Subnautica 2‘s early access boundary is unmissable. Developer Unknown Worlds marked it in horizontal orange lines stretching from above the ocean’s surface to its deepest point, and if you somehow manage to overlook it anyway, a warning appears when you cross the lines. Beyond this point lies death and probably a lot of bugs and unfinished bits, says the message. I figured Unknown Worlds intended the warning to keep people from venturing too far out and getting stuck in some wonky geometry or dying somewhere they couldn’t easily retrieve their inventory after respawning. In short, I didn’t take it seriously.
Reader, don’t be like me.
Granted, I had good reason not to take the warning seriously. I ventured outside the zone early just for curiosity’s sake, then saw it led to a much deeper part of the ocean and immediately turned around. I wasn’t ready for that. Later, while I was testing the depth at which solar panels stop functioning for base building purposes, I went outside it again. One of those unsettling bellows that issues from Subnautica 2‘s giant, deadly creatures reached my ears, but safely tucked away as I was near the edge of the warning zone, I figured it’d be fine. The “you’re about to die” music wasn’t playing very loudly either.
I glanced up and saw a biblically accurate manta ray gliding near the surface, the winged creature with dangly tassels and vibrant lines decorating its underside that you can see at the top of this post. It showed zero interest in me, so I assumed it was harmless, like those odd, glowing blimp-shaped fish that hover above the waters around the starting area and dangle little lures to catch fish. This was the danger zone? Please.
If the ethereal-looking creature was biblically accurate, it evidently came from one of those “end of days” chapters. Fast-forward several hours, and I’m working on restoring the power plant near the Alien Ruins and clearing the Angel Comb nearby. I needed some atacamite to make a certain kind of ingot, a mineral you find littered on the bed of the deep ocean near a bunch of quartz and, more pertinently, near the edge of the early access zone. A few more chunks of the stuff would’ve set me right, so I figured why not? It’s just 20 meters away. What’s the worst that could happen?

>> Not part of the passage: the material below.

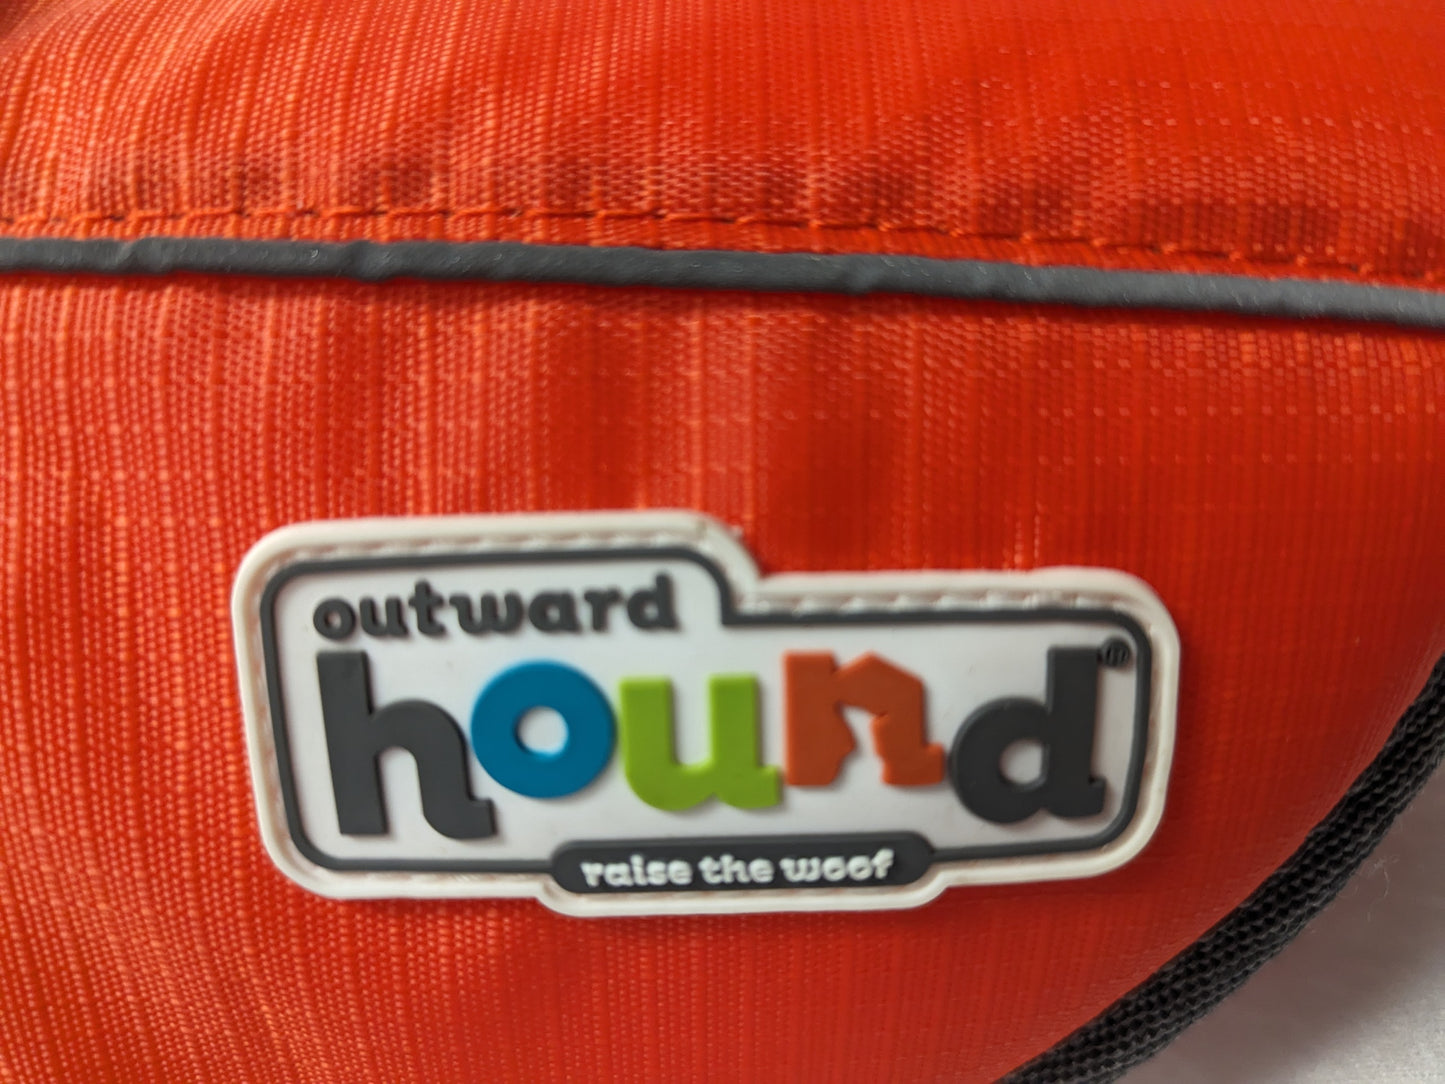 Hound Dog Floatation Jacket Size Medium Color Orange Condition Used

The answer is that the giant winged creature manifested from the foggy depths with its monstrous children, chased me down, and crushed my tadpole with me inside it. I’ve since learned the beast is called a Shiver Leviathan, which seems like an apt name for a monstrosity that moves that quickly and kills you faster than the, by comparison, tamer Collector Leviathan.
Death is trivial in Subnautica 2 for lore and gameplay reasons, as you can just “reprint” and go find your lost inventory again. This death mattered. I foolishly ignored my own advice about inventory management during gathering expeditions, out of a lazy desire to not deal with the abominable mess of a storage network I’d made back at my base. So I had valuable ingots and minerals rarer than atacamite in that inventory cache, items the Shiver Leviathan decided I would never see again. Every time I crossed the boundary, no matter how long I waited, the beast caught me. Unknown Worlds’ persistent “you’re leaving the early access zone” messaging popping up and freezing my movement until I closed the screen didn’t help matters, either.
Eventually, I cut my losses and left the goods behind, materially poorer but wiser about what risks to take in the future. You win, Unknown Worlds. I will not be leaving the early access zone again.